--- Stored data ---

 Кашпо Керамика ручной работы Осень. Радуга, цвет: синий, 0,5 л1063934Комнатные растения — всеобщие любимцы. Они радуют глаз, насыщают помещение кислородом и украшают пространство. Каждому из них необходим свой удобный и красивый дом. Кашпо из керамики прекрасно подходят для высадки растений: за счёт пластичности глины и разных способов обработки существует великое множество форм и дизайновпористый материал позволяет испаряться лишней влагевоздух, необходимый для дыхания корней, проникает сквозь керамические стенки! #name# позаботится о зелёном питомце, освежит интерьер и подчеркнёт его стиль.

---
--- Stored data ---

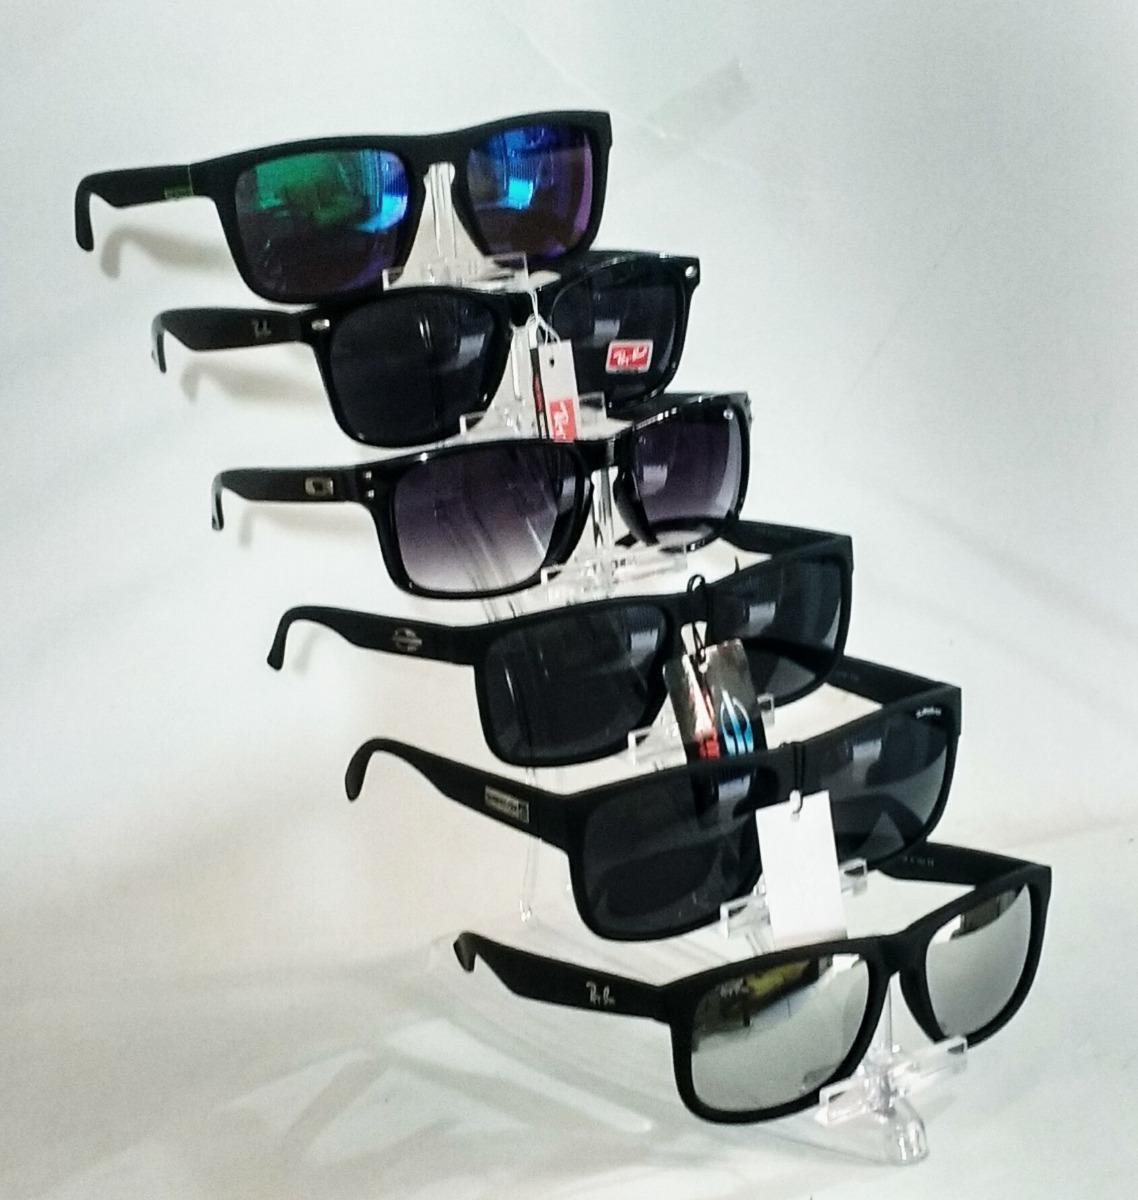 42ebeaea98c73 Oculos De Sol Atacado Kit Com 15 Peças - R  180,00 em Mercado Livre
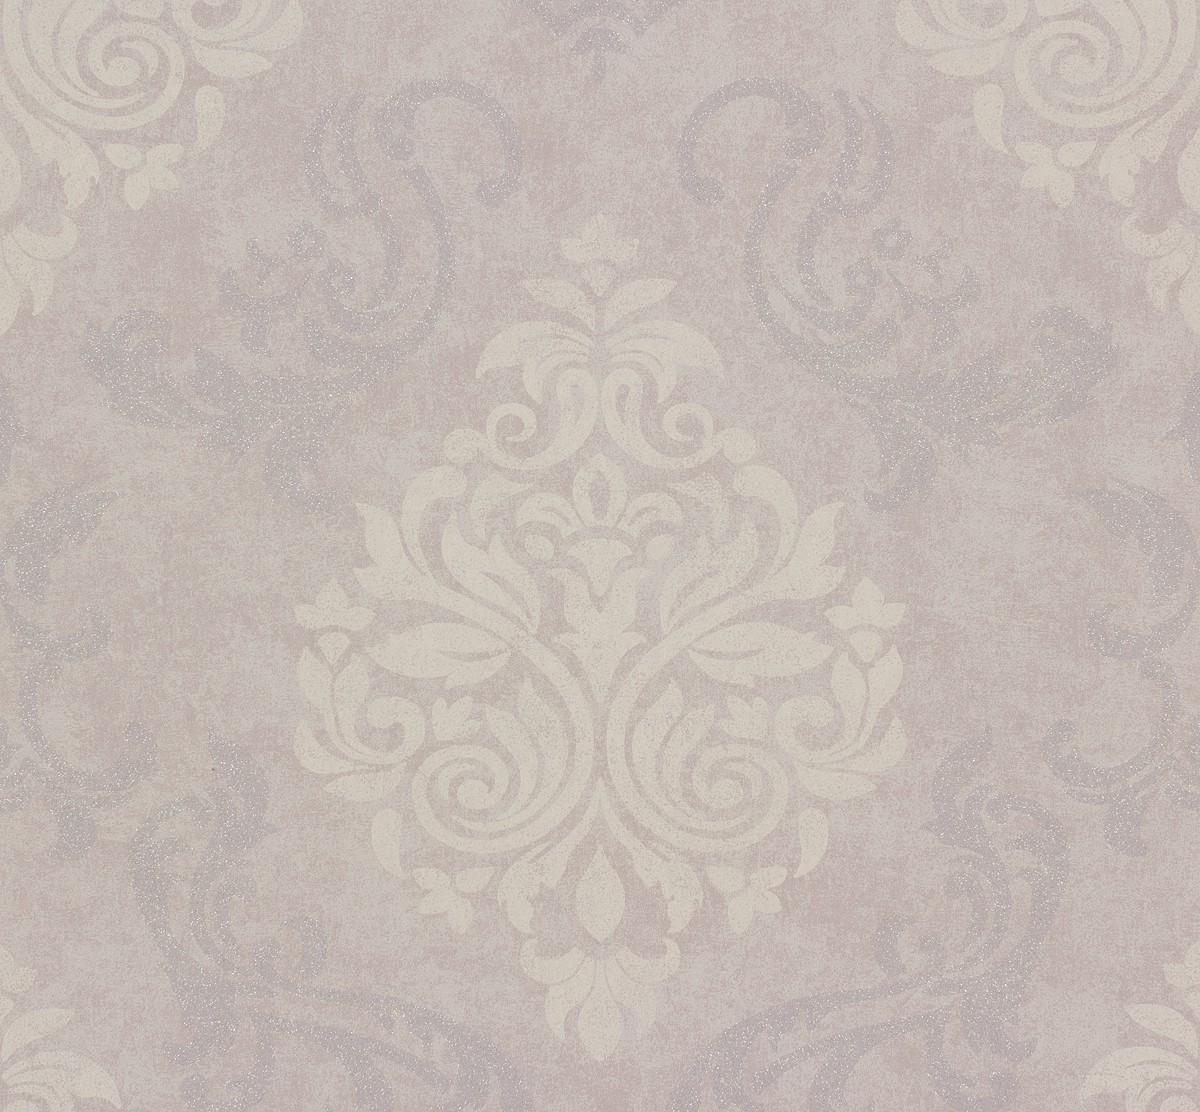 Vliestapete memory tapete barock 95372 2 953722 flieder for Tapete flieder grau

---
--- Stored data ---

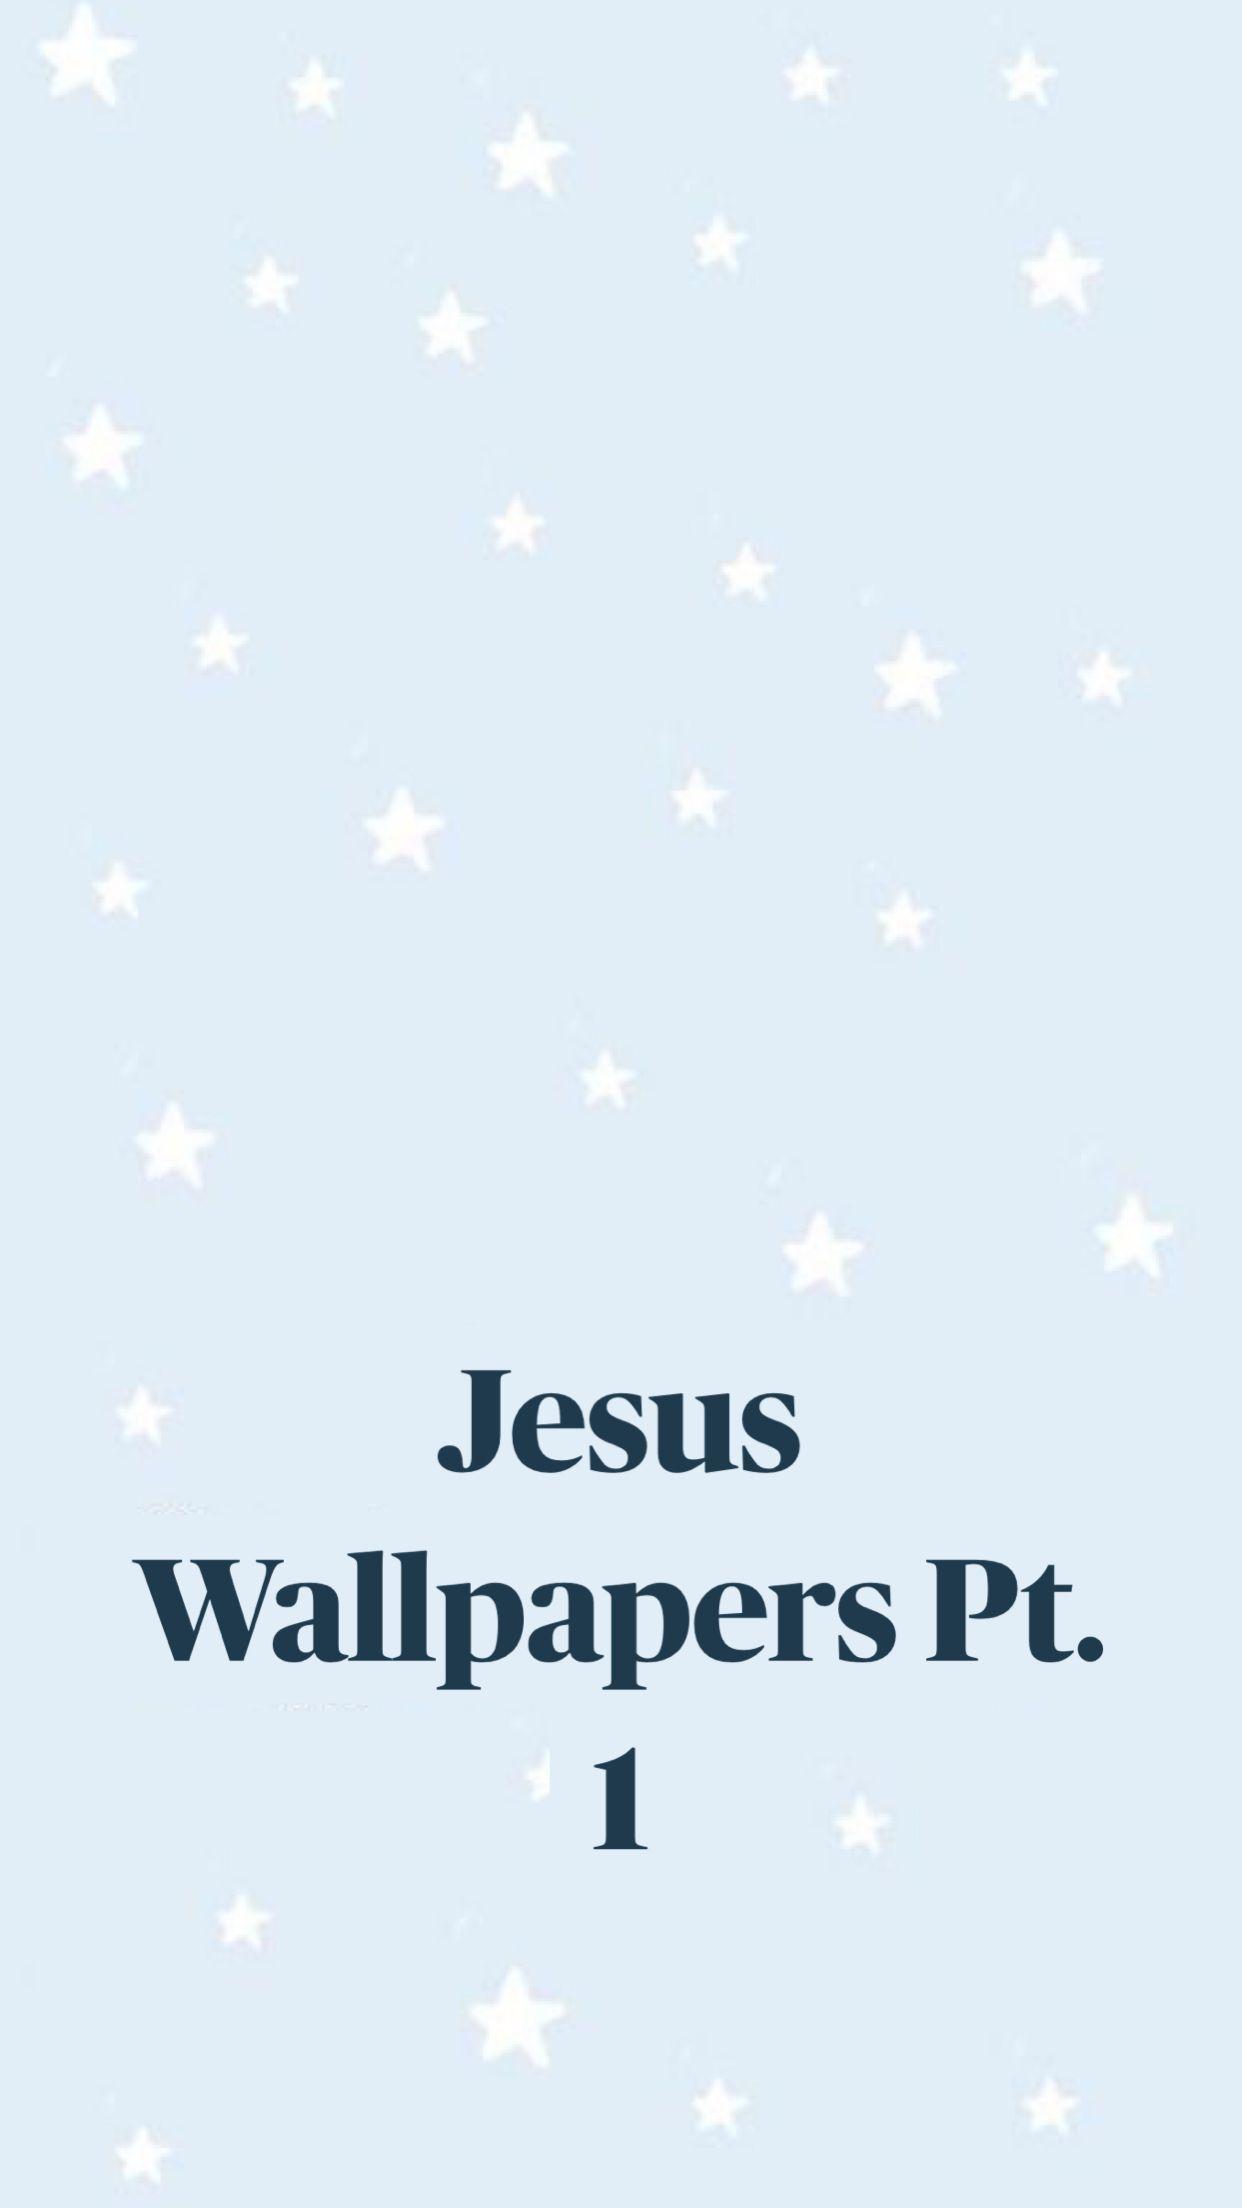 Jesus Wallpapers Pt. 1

---

* Task instructions *
From the data above, return exactly the lines from the one with "42ebeaea98c73 Oculos De" up to and including the one with "Vliestapete memory tapete". Pictures do not go in the copy.

* Exercise answer *
 42ebeaea98c73 Oculos De Sol Atacado Kit Com 15 Peças - R  180,00 em Mercado Livre
 Vliestapete memory tapete barock 95372 2 953722 flieder for Tapete flieder grau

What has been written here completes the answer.